Any child who’s spent any time in the tub with a balloon-powered boat knows firsthand that compressed air can move stuff. Put the balloon over the tube at the stern, blow it up, let go, and watch the toy boat surge through the soap suds, leaving nothing but bubbles in its wake.
Could the same principle work to move a larger toy fast enough to win a land-speed record? The professor and students of an industrial design course at Australia’s Royal Melbourne Institute of Technology University think so.
Inspiration
The idea first came to professor Simon Curlis while recovering from a motorcycle accident. The gasoline-powered machine Curlis had been riding was totaled and, during convalescence, he turned his mind to his next bike—one that he hoped would help him set some new land-speed record at Australia’s Speed Week, held every March on the salt flats of Lake Gairdner. But Curlis wanted to do so in the greenest way possible, so he created the industrial design course at RMIT to figure out the most environmentally friendly means to power a muscle bike.

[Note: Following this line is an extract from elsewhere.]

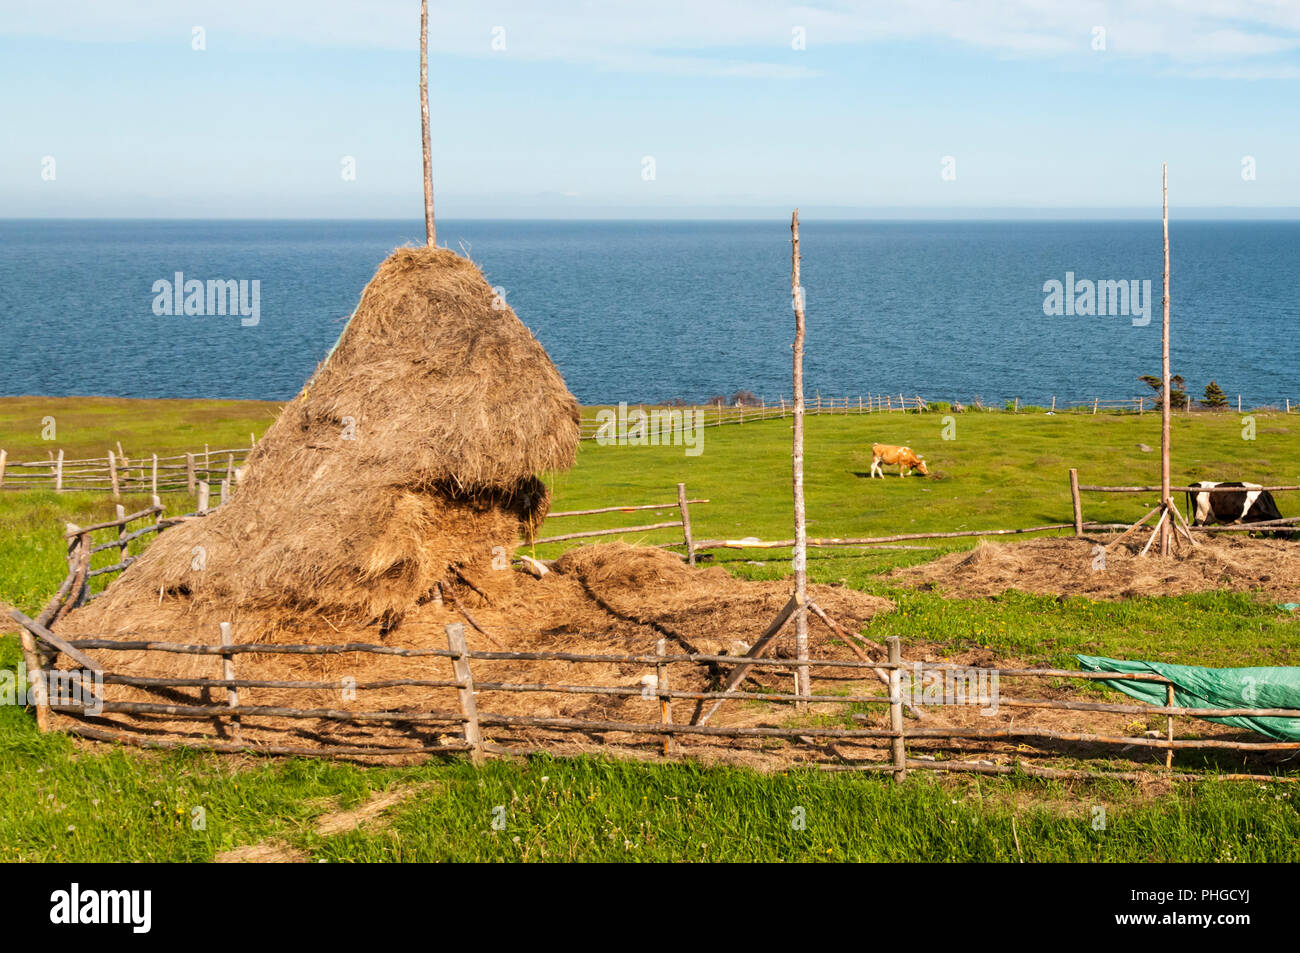 Traditional style of haystack at a smallholding on the coast of the Port au Port Peninsula, Newfoundland. Stock Photo
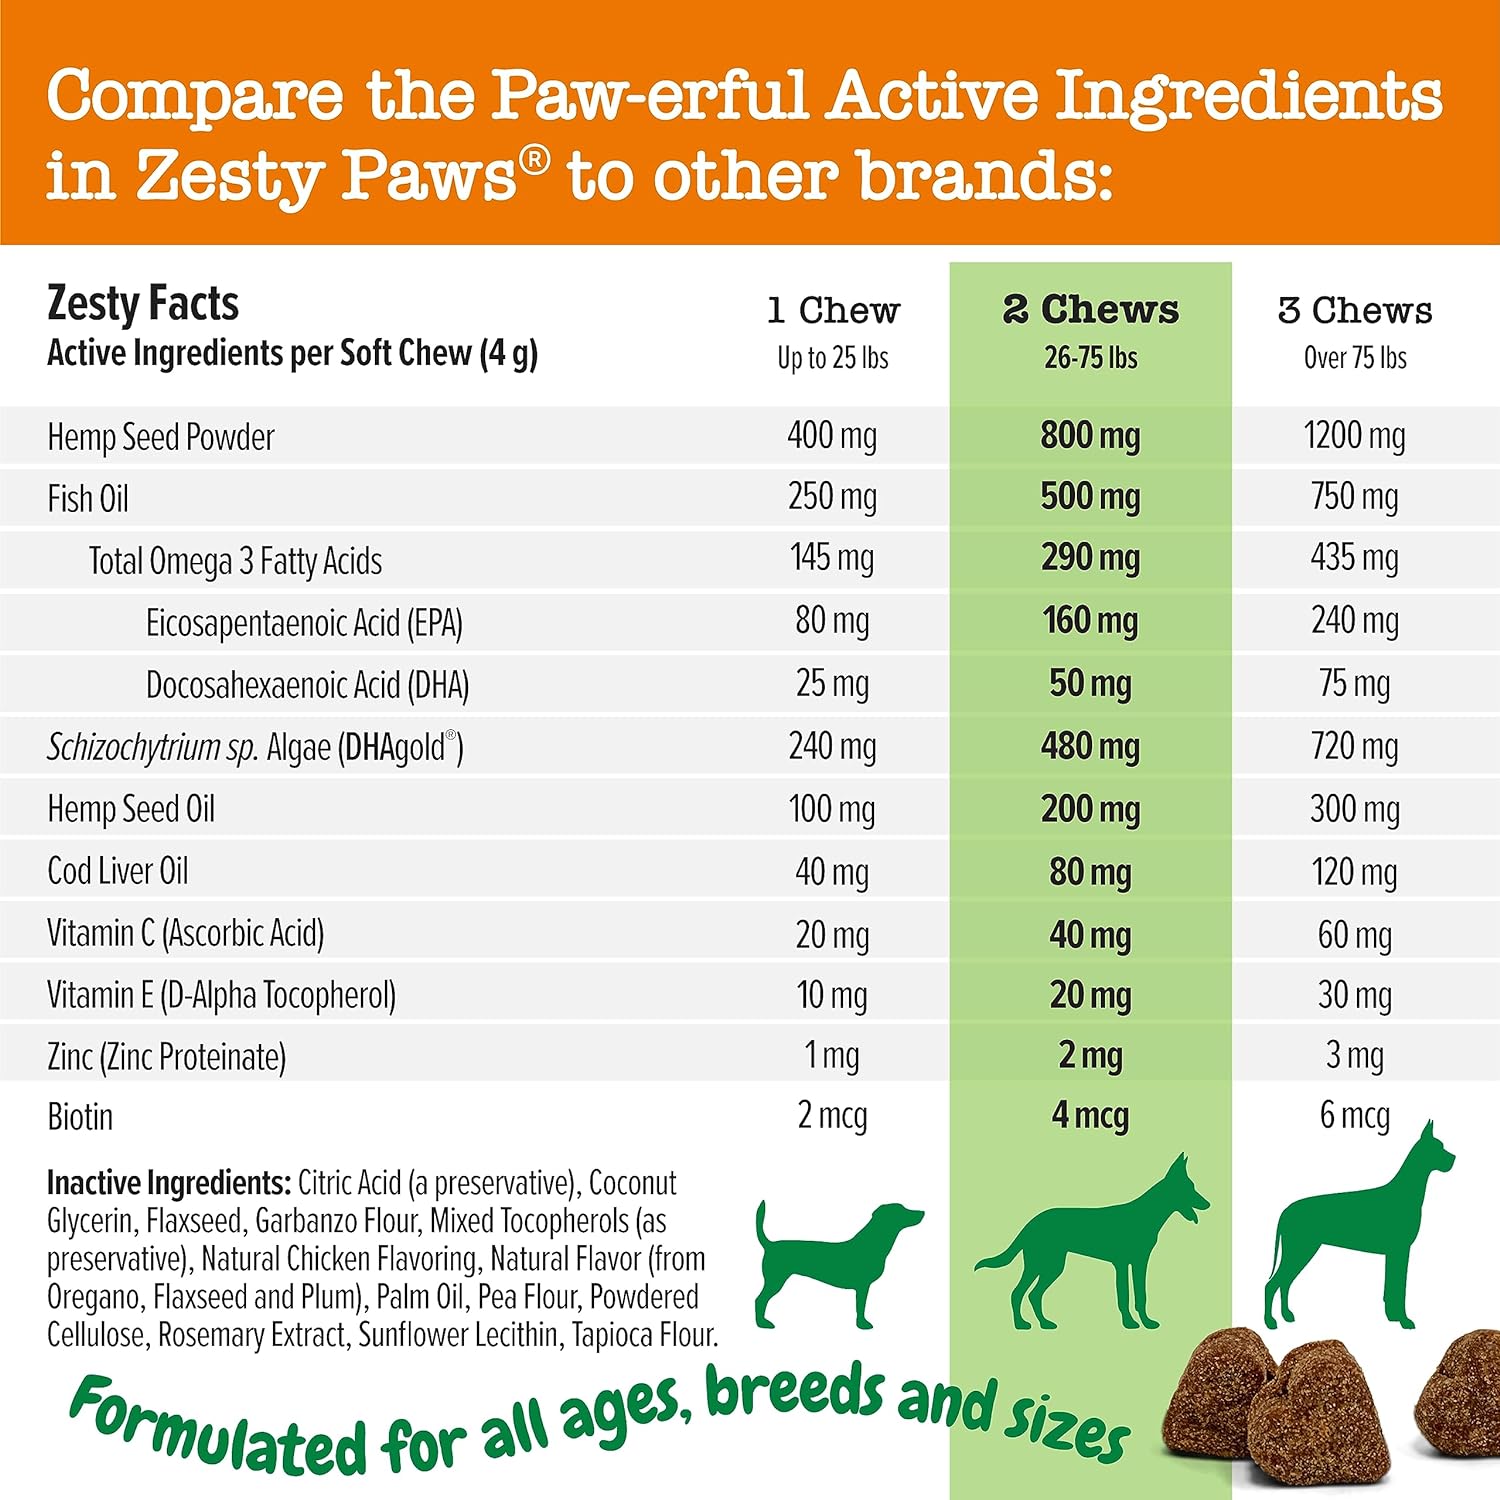 Zesty Paws Skin & Coat Bites for Dogs – Fish Oil Soft Chews with Omega-3 Fatty Acids EPA & DHA - Skin, Coat, Antioxidant & Immune Support - Hemp - 90 Count

In their research, Curlis’s students soon came across an air-powered engine made by Melbourne-based engineer, Angelo Di Pietro. The engine had virtually no friction, required a single pound per square inch of puffed air to get things rolling, and was smaller than a combustion engine. “I personally think it is a genius invention,” said Edwin Conan, the student who headed the design project. They contacted Di Pietro and he agreed to let them use the next generation of his engine, provided that they keep the technology hidden under a black cover.
[Adapted from “Running on Air,” by Michael Abrams, for Mechanical Engineering, May 2010.]
The engine is powered by two tanks of compressed air, and with them the engine hits 3,000 rpm almost instantaneously.